In this publication, we focus on the first, i.e., ‘Systems thinking competence’, as it is in our view, a core competence.
“Competence” or “Competency”
Both forms are acceptable. In this book, we use “competence”, except in the section above. In the publication referred to, “competency” has been used. We have retained this form in the material quoted from UNESCO (2017).
In this manual, we describe Systems Thinking Competence as follows,
Systems thinking is the ability to describe and/ or visualise a part of a complex reality, express that part of reality as a model, understand the model as a system, use the model to explain the behaviour of the system, anticipate the behaviour of the system, and evaluate its impacts on sustainable development, identify potential points of, and types of interventions, generate options to act, assess their impacts in the frame of sustainable development, and decide whether further actions are necessary or not.
(Based on Frischknecht-Tobler, U., Nagel U., Seyboldt H.(2008))
In order to make it clearer for learning practice:
Systems thinking competence is the
- Ability to describe and/ or visualise a part of a complex reality,
- Express that part of reality as a model,
- Understand the model as a system,
- Use the model to explain the behaviour of the system,
- Anticipate the behaviour of the system,
- Evaluate its impacts on sustainable development,
- Identify potential points of, and
- Types of interventions,
- Generate options to act,
- Assess their impacts in the frame of sustainable development, and decide whether further actions are necessary or not.
In this manual, each of these components of the definition is detailed out as a step with suggested activities and learning methods and two examples.
While we recognize systems thinking as a core competence from among all, we also realize that it is not yet widespread in school curricula and teacher education. With this manual we hope to provide a practice-oriented learning resource that helps learners of the age of 15 years and older (Secondary education level) to develop systems thinking competence. The reason we suggest this age-group is that the cognitive abilities and ability for abstract thinking are likely to have developed to deal with complexity and systems thinking.

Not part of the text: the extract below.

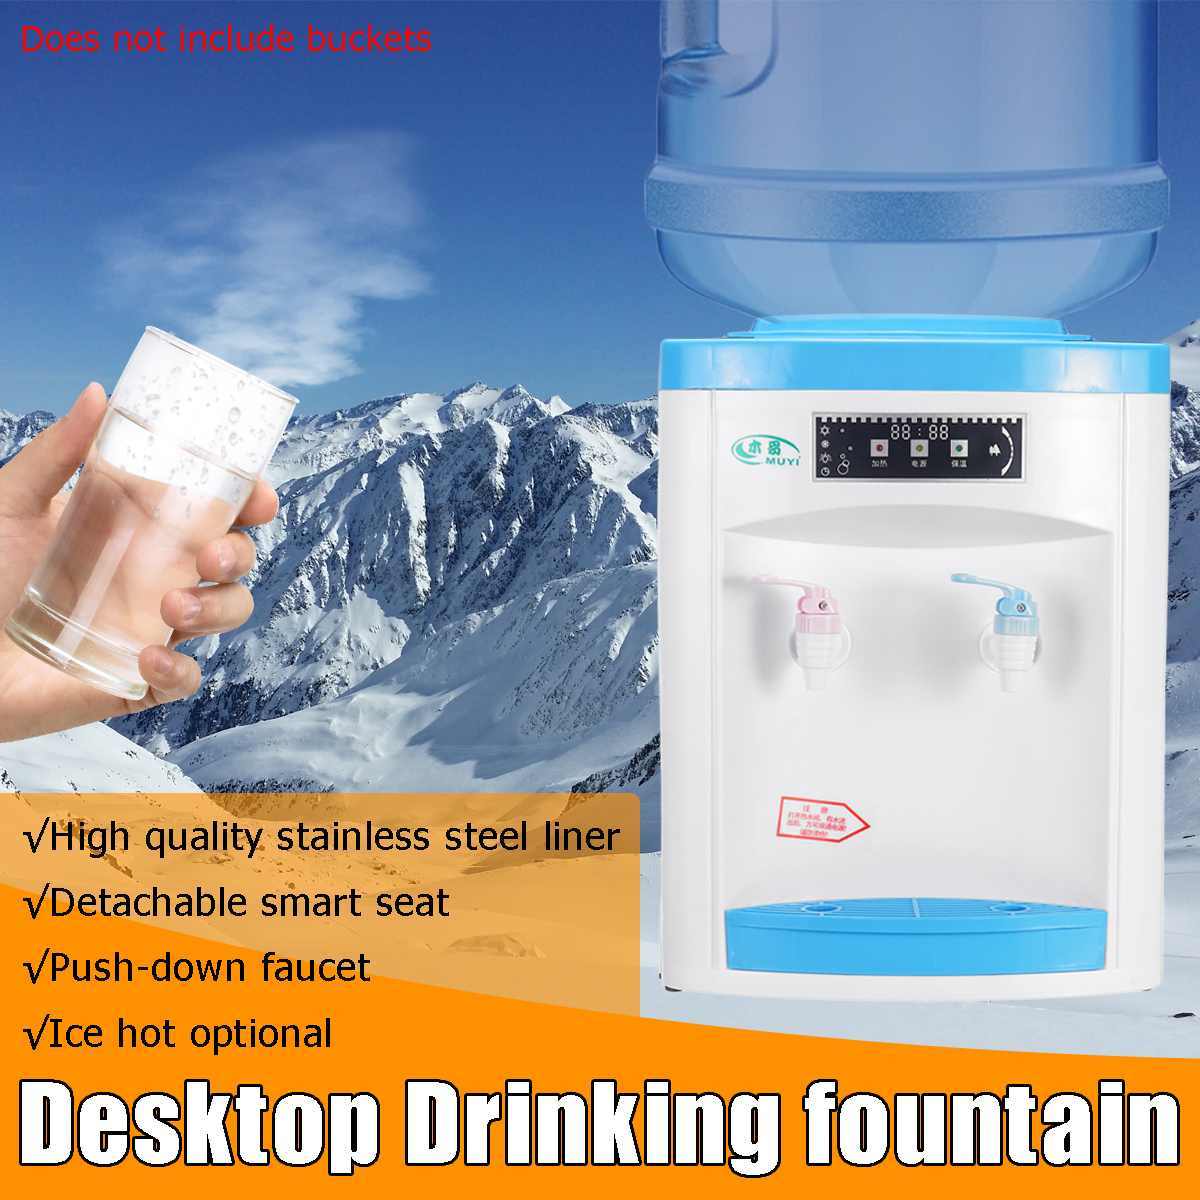 Desktop Water Cooler Dispenser Water Filter Hot/Cold 220V 550W Removable Water Storage Drink Machine Light indicator 3 mode

We have designed this Systems Thinking resource to also help develop other key competences, as described by UNESCO, to different degrees: anticipatory competence, normative competence, strategic competence, collaboration competence, critical thinking competence, self-awareness competence, and integrated problem-solving competence.
In the subsequent sections, we indicate through illustrations the competences likely to be strengthened in the learning processes presented. This manual is not designed as a standalone resource, but one that draws upon the concepts articulated in the global discourse on ESD, and which offers practical steps to develop systems thinking. In this context, the educator, whether a teacher or a community or youth group facilitator, has a key role in bringing the concepts of ESD into practice.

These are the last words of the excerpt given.